Parameter | Description | Default Values |
---|---|---|
"geometry_file_path" | Path for geometry file used | in config |
"grids_path" | Path for saving grid | in config |
"ais_path" | Path of merged AIS messages directory | in config |
"ais_cleaned_path" | Path of cleaned AIS messages directory | in config |
"density_path" | Path of resulting density files directory | in config |
"colors_files_path" | Path of density file (TIFF) color files directory | in config |
"ais_stats_path" | Path for the statistics directory | in config |
"out_crs" | Output coordinate reference system code (CRS 3035 or 3857(not tested) ) | 3035 |
"empty_fields" | If true removes messages with empty fields | false |
"invalid_movement_fields" | If true removes messages with invalid values in COG,SOG,LON,LAT fields | false |
"invalid_mmsi" | If true removes messages with invalid mmsi values (see below) | false |
"false_mmsi" | List of MMSIs to be excluded | in config |
"land_mask" | If true it enforces land-masking process | false |
"bounding_box" | List of coordinates that indicate the area of interest. The coordinates are in the format: [minLon, minLat, maxLon, maxLat], and must follow the output projection system | optional in config (example: [5905000, 2185000, 5910000, 2190000]) |
"downsample" | If true it enforces downsampling process | false |
"downsample_rate" | Downsampling rate (in milli-seconds) | in config (example: 180000 ~ 3 mins) |
"noise_filter" | If true it enforces noise filtering process by eliminating messages that indicate improbable transitions | in config |
"grid_edge_lengths" | List of grid cell lengths for the grid generation. Each length indicates the size of edge on each dimension (in meters). | in config (example: [500000,200000,10000]) |
"timeframe" | If true it enforces a filter regarding each messages timestamp. If true, the "start_time"/"end_time" must be defined (using the EPOCH representation - in milliseconds) | false |
"start/end_time" | The startin/ending times for the teimframe filter (in milliseconds) | in config (example: 1647592893000) |
"min_positions" | Number of minimum AIS messages for the file to be included in the cleaning process | 10 |
"max_threads" | Maximium number of threads during execution; only for the processes that work in parallel | 4 |
"density_method" | Method to be used for density maps 'vessels_count'(default) or 'time_at_cells' | 'vessels_count' |
"density_vessel_types" | List of types of vessels to be considered while creating density maps. One map will be generated for each vessel type, based on the type codes provided in the AIS. The 'All' option includes all vessels regardless their type. Options include: ['All', 'Cargo', 'Tanker', 'Dredging', 'HSC', 'Fishing', 'Military_Law', 'Passenger', 'Pleasure', 'Sailing', 'Service', 'Tug', 'Unknown', 'Other'] | 'All' |
Directory ('colors_files_path') with color files should include a TXT file, named 'colors_{GEL}.txt' with GEL is the each grid edge length in meters (example: 'colors_1000.txt'). Each file should include the density thresholds followed by the appropriate color, expressed as RGB and with an opacity indicator (0-255).
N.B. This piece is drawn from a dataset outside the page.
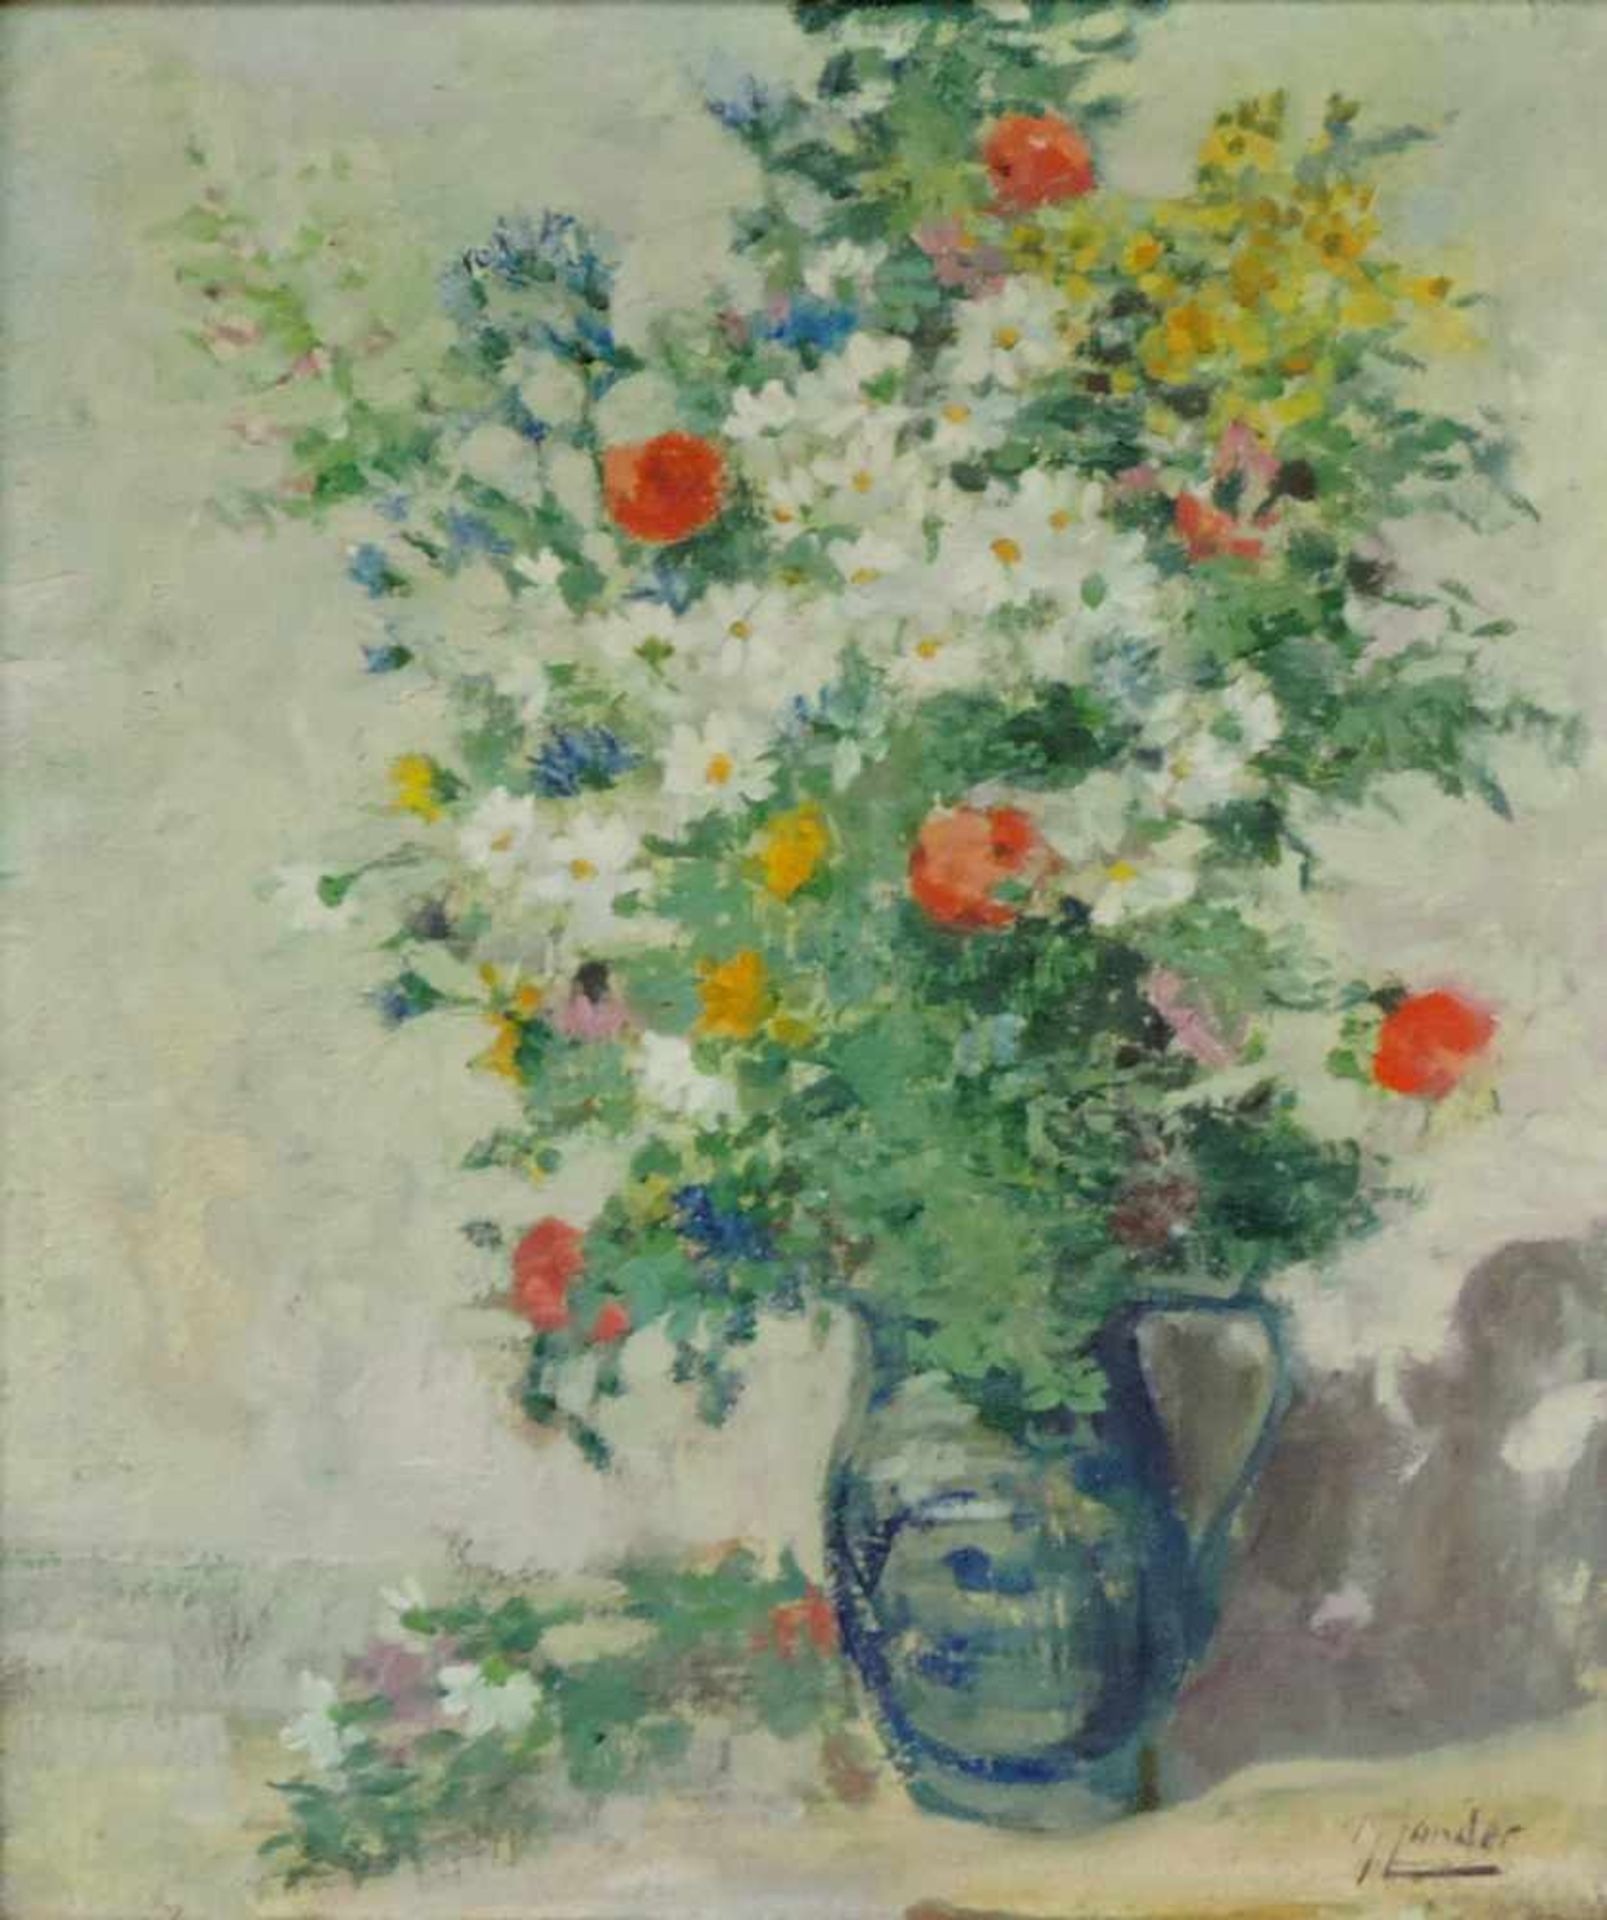 Max ZANDER (1907 - 1985). Blumen in einer Vase. 71 cm x 60 cm. Gemälde, Öl auf Leinwand. Rechts

You may extract requirements from imports using the command : pipreqs --force
You may use the pip-licenses package to check dependencies licences
pip-licenses -p pyproj geopandas Fiona haversine pandas Shapely
results in :
Fiona 1.8.21 BSD License
Shapely 2.0.0 BSD License
geopandas 0.10.2 BSD
haversine 2.5.1 MIT License
pandas 1.4.2 BSD License
pyproj 3.3.1 MIT License
This work has been partially supported by the "Athena" Research Center, as part of the project MIS 5154714 of the National Recovery and Resilience Plan Greece 2.0 funded by the European Union under the NextGenerationEU Program.
This work is licensed under a Creative Commons Attribution-NonCommercial-ShareAlike 4.0 International License.